(Data records)
========
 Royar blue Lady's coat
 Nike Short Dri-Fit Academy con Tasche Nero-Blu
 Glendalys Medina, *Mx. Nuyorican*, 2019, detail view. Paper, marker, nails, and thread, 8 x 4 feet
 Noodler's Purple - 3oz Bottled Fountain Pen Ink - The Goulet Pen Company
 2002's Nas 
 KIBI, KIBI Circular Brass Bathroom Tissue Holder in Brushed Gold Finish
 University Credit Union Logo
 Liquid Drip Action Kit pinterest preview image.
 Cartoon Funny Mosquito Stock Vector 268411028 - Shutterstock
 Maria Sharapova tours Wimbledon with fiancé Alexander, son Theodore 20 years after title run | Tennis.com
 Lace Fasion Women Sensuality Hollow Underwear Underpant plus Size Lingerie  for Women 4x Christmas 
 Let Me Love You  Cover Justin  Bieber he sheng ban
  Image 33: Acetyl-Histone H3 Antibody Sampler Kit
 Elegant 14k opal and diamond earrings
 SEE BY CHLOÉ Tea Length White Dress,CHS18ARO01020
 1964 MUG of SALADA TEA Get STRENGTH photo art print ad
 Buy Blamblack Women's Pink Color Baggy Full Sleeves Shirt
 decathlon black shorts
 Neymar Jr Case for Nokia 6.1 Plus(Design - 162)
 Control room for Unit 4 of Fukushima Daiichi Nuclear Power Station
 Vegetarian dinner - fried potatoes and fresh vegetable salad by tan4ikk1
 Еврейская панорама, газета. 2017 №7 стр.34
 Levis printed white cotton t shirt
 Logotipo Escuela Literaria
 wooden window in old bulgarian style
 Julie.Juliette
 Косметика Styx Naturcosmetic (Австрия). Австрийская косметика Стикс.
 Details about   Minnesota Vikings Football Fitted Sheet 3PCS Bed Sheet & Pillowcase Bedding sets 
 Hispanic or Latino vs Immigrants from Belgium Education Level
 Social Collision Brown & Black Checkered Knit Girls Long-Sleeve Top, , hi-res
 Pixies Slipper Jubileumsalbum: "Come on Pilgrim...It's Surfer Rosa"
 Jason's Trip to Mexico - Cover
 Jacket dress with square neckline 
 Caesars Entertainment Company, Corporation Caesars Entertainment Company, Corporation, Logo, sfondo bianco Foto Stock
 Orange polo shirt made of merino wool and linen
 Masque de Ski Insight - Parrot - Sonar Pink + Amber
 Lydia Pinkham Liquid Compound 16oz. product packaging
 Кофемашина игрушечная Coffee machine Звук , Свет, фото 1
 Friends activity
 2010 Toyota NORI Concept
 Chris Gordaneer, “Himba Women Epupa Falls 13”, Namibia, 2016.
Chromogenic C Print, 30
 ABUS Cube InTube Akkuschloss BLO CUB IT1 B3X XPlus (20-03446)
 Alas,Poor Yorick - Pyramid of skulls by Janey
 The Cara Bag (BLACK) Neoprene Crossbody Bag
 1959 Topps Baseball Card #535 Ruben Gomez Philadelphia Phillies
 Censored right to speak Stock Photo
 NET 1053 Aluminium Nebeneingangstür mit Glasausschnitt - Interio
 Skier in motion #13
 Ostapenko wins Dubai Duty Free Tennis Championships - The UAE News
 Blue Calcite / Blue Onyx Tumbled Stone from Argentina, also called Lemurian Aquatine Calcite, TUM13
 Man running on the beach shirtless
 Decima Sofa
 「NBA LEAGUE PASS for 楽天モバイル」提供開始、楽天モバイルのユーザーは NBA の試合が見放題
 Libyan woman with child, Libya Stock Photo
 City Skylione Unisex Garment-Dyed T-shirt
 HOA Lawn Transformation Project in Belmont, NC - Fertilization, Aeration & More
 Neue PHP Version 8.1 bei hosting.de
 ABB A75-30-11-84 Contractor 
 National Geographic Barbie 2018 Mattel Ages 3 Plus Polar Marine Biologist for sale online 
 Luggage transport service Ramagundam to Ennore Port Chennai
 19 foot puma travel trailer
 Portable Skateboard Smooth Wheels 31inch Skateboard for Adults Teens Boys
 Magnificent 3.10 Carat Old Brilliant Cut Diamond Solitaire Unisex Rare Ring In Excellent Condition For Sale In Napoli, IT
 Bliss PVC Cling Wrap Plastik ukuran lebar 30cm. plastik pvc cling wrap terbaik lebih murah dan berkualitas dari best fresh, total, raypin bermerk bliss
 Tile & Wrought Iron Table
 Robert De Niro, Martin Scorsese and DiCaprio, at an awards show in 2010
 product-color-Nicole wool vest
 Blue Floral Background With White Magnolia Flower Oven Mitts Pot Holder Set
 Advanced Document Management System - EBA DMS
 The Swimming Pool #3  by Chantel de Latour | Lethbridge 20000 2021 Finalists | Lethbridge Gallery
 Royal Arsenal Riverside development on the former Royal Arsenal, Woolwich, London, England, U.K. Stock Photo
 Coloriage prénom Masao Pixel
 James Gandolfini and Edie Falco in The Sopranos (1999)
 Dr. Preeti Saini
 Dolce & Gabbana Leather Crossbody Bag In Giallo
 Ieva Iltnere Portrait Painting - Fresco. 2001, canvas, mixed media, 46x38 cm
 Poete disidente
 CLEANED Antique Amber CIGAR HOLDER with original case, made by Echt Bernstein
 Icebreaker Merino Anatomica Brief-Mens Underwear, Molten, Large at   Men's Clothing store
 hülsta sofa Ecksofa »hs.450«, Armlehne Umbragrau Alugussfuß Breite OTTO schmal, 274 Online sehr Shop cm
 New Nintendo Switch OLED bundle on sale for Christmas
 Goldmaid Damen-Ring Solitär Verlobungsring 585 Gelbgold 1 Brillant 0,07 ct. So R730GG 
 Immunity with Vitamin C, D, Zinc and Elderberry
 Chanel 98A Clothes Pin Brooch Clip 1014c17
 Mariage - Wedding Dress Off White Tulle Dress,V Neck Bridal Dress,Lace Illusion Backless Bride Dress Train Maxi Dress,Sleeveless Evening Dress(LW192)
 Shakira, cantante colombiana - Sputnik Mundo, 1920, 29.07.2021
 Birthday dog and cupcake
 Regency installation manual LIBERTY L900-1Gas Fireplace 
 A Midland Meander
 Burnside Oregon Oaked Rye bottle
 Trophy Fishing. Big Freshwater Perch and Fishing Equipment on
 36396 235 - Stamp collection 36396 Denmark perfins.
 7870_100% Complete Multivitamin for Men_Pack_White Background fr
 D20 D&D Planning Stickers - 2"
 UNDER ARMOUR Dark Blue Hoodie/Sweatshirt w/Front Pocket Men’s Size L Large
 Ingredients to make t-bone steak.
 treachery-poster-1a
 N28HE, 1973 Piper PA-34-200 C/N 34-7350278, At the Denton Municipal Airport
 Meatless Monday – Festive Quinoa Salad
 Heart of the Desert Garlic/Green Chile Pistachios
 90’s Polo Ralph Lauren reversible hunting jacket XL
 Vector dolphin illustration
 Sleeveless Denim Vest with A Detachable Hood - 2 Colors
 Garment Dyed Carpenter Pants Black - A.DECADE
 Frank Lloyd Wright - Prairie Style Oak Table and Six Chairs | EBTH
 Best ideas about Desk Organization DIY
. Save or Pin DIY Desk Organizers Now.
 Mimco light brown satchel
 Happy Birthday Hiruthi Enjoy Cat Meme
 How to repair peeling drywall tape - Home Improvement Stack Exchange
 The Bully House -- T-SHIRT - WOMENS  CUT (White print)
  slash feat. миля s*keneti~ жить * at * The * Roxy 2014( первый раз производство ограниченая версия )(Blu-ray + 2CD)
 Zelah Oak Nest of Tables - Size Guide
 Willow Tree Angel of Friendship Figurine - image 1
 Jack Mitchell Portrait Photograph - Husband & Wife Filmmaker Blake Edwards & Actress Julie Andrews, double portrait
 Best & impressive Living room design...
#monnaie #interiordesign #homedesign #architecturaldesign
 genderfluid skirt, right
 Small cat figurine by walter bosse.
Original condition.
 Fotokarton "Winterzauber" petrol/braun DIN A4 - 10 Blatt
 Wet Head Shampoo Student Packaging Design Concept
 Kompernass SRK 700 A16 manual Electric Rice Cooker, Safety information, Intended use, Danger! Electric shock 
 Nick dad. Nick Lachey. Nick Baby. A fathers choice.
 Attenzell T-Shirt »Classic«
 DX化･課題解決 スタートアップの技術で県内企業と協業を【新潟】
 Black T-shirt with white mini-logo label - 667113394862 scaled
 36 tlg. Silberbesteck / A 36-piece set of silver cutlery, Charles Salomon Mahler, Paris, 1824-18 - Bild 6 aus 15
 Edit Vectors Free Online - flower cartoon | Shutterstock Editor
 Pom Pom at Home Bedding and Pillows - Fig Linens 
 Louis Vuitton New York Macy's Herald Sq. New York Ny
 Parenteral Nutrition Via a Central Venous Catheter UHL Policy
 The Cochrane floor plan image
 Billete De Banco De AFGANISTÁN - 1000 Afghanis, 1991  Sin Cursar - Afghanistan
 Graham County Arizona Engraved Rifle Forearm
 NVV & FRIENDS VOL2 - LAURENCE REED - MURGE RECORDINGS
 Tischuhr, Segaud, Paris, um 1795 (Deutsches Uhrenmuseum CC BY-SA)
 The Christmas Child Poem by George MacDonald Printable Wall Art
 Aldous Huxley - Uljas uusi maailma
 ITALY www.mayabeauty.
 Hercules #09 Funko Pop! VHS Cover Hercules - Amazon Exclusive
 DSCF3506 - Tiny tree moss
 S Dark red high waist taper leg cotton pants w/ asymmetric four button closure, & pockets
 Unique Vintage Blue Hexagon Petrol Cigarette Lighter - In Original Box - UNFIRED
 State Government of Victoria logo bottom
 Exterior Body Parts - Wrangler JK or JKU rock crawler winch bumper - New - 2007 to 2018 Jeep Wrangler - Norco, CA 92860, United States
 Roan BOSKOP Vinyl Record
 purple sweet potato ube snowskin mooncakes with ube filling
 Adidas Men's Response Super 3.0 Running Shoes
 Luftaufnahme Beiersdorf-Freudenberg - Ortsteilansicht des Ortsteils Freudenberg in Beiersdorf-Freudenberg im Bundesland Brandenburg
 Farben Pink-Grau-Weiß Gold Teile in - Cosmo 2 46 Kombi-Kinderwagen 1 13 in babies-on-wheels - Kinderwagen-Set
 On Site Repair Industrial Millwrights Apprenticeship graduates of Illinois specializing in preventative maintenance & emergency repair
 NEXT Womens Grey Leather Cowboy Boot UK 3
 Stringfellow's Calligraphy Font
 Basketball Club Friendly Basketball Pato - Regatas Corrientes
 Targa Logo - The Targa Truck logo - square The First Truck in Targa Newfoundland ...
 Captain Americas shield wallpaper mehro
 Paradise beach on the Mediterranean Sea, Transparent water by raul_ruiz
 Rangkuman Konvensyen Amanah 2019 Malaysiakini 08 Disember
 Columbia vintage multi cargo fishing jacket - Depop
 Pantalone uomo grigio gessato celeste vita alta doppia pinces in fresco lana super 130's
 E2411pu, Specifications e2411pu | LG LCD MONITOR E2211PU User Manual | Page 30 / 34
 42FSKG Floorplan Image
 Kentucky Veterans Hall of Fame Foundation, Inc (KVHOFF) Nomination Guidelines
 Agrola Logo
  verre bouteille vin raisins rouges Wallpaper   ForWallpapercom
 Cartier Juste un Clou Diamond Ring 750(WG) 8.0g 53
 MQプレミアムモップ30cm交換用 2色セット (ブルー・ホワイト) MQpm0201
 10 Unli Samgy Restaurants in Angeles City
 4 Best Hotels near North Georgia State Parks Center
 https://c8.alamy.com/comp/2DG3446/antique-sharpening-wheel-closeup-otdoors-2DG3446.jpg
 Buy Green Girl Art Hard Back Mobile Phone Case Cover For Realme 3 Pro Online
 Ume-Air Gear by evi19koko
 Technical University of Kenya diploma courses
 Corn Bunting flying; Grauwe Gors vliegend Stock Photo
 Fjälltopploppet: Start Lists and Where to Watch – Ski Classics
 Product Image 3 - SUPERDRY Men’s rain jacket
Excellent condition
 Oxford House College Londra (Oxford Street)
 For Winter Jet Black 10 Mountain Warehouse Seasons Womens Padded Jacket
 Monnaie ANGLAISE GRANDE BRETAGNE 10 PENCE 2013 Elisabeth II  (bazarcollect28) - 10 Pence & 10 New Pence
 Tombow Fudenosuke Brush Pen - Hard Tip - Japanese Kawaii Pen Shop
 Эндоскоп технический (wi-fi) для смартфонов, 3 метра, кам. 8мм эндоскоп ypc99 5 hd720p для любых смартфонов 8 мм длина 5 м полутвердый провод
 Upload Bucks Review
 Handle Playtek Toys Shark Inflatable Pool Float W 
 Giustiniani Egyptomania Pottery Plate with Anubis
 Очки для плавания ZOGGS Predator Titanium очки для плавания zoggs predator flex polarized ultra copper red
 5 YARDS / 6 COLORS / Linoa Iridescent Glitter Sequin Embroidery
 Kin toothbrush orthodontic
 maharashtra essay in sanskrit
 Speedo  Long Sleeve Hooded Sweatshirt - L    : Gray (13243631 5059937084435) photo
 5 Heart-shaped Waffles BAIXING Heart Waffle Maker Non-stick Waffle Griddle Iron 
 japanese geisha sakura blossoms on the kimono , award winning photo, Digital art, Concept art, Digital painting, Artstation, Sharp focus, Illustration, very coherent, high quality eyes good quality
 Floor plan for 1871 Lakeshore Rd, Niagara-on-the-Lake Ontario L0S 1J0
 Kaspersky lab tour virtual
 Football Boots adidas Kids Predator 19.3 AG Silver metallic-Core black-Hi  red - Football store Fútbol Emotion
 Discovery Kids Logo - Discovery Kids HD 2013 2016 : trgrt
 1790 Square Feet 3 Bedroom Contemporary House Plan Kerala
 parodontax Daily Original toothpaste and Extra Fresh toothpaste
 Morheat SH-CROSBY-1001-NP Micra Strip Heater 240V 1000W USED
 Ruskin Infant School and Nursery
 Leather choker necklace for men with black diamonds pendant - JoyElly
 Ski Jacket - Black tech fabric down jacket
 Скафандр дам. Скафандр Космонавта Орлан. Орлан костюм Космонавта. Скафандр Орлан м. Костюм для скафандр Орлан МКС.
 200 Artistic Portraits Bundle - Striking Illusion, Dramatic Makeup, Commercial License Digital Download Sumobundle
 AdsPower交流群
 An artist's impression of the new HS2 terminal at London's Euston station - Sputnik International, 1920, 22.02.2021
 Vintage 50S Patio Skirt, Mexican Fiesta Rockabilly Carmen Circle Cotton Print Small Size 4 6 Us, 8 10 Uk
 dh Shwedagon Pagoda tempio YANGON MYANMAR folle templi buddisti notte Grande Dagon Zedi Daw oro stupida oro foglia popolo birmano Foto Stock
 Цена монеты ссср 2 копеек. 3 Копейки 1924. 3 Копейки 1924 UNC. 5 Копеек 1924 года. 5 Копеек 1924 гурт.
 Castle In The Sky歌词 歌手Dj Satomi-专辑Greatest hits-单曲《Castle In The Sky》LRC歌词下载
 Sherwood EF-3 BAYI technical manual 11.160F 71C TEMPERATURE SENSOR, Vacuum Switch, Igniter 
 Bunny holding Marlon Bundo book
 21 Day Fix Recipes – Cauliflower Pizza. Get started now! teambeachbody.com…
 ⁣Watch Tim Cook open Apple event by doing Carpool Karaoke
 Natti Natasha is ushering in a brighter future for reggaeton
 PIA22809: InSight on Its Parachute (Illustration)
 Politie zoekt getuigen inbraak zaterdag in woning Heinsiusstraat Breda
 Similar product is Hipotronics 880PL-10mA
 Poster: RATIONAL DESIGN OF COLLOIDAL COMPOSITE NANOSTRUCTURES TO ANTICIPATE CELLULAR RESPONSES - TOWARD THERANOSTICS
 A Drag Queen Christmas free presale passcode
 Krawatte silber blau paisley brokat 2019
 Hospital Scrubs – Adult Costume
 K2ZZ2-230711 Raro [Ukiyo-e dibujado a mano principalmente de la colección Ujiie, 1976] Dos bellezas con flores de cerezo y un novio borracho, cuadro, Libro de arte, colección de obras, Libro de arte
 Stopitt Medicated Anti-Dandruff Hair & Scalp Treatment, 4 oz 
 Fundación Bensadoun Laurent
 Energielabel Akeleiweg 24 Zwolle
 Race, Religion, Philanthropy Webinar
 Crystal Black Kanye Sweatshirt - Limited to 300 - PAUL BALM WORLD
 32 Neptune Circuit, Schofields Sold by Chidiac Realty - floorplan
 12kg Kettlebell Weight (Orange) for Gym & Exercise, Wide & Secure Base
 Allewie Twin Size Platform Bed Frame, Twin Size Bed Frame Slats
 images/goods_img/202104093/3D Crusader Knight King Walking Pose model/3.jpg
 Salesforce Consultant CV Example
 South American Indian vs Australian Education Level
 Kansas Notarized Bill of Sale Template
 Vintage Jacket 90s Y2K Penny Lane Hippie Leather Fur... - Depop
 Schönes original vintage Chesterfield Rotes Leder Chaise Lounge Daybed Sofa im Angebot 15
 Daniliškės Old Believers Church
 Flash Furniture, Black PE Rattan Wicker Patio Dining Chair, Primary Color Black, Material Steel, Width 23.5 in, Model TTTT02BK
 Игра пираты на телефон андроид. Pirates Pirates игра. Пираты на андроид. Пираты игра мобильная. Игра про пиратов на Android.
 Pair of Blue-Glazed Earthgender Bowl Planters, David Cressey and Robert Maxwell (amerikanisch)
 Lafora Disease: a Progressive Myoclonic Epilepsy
========
• [Exercise goal]
Retype exactly the lines of the data above that fall between the line with "Wet Head Shampoo" and the line with "Captain Americas shield wallpaper mehro", inclusive, and add nothing.

• [Exercise response]
 Wet Head Shampoo Student Packaging Design Concept
 Kompernass SRK 700 A16 manual Electric Rice Cooker, Safety information, Intended use, Danger! Electric shock 
 Nick dad. Nick Lachey. Nick Baby. A fathers choice.
 Attenzell T-Shirt »Classic«
 DX化･課題解決 スタートアップの技術で県内企業と協業を【新潟】
 Black T-shirt with white mini-logo label - 667113394862 scaled
 36 tlg. Silberbesteck / A 36-piece set of silver cutlery, Charles Salomon Mahler, Paris, 1824-18 - Bild 6 aus 15
 Edit Vectors Free Online - flower cartoon | Shutterstock Editor
 Pom Pom at Home Bedding and Pillows - Fig Linens 
 Louis Vuitton New York Macy's Herald Sq. New York Ny
 Parenteral Nutrition Via a Central Venous Catheter UHL Policy
 The Cochrane floor plan image
 Billete De Banco De AFGANISTÁN - 1000 Afghanis, 1991  Sin Cursar - Afghanistan
 Graham County Arizona Engraved Rifle Forearm
 NVV & FRIENDS VOL2 - LAURENCE REED - MURGE RECORDINGS
 Tischuhr, Segaud, Paris, um 1795 (Deutsches Uhrenmuseum CC BY-SA)
 The Christmas Child Poem by George MacDonald Printable Wall Art
 Aldous Huxley - Uljas uusi maailma
 ITALY www.mayabeauty.
 Hercules #09 Funko Pop! VHS Cover Hercules - Amazon Exclusive
 DSCF3506 - Tiny tree moss
 S Dark red high waist taper leg cotton pants w/ asymmetric four button closure, & pockets
 Unique Vintage Blue Hexagon Petrol Cigarette Lighter - In Original Box - UNFIRED
 State Government of Victoria logo bottom
 Exterior Body Parts - Wrangler JK or JKU rock crawler winch bumper - New - 2007 to 2018 Jeep Wrangler - Norco, CA 92860, United States
 Roan BOSKOP Vinyl Record
 purple sweet potato ube snowskin mooncakes with ube filling
 Adidas Men's Response Super 3.0 Running Shoes
 Luftaufnahme Beiersdorf-Freudenberg - Ortsteilansicht des Ortsteils Freudenberg in Beiersdorf-Freudenberg im Bundesland Brandenburg
 Farben Pink-Grau-Weiß Gold Teile in - Cosmo 2 46 Kombi-Kinderwagen 1 13 in babies-on-wheels - Kinderwagen-Set
 On Site Repair Industrial Millwrights Apprenticeship graduates of Illinois specializing in preventative maintenance & emergency repair
 NEXT Womens Grey Leather Cowboy Boot UK 3
 Stringfellow's Calligraphy Font
 Basketball Club Friendly Basketball Pato - Regatas Corrientes
 Targa Logo - The Targa Truck logo - square The First Truck in Targa Newfoundland ...
 Captain Americas shield wallpaper mehro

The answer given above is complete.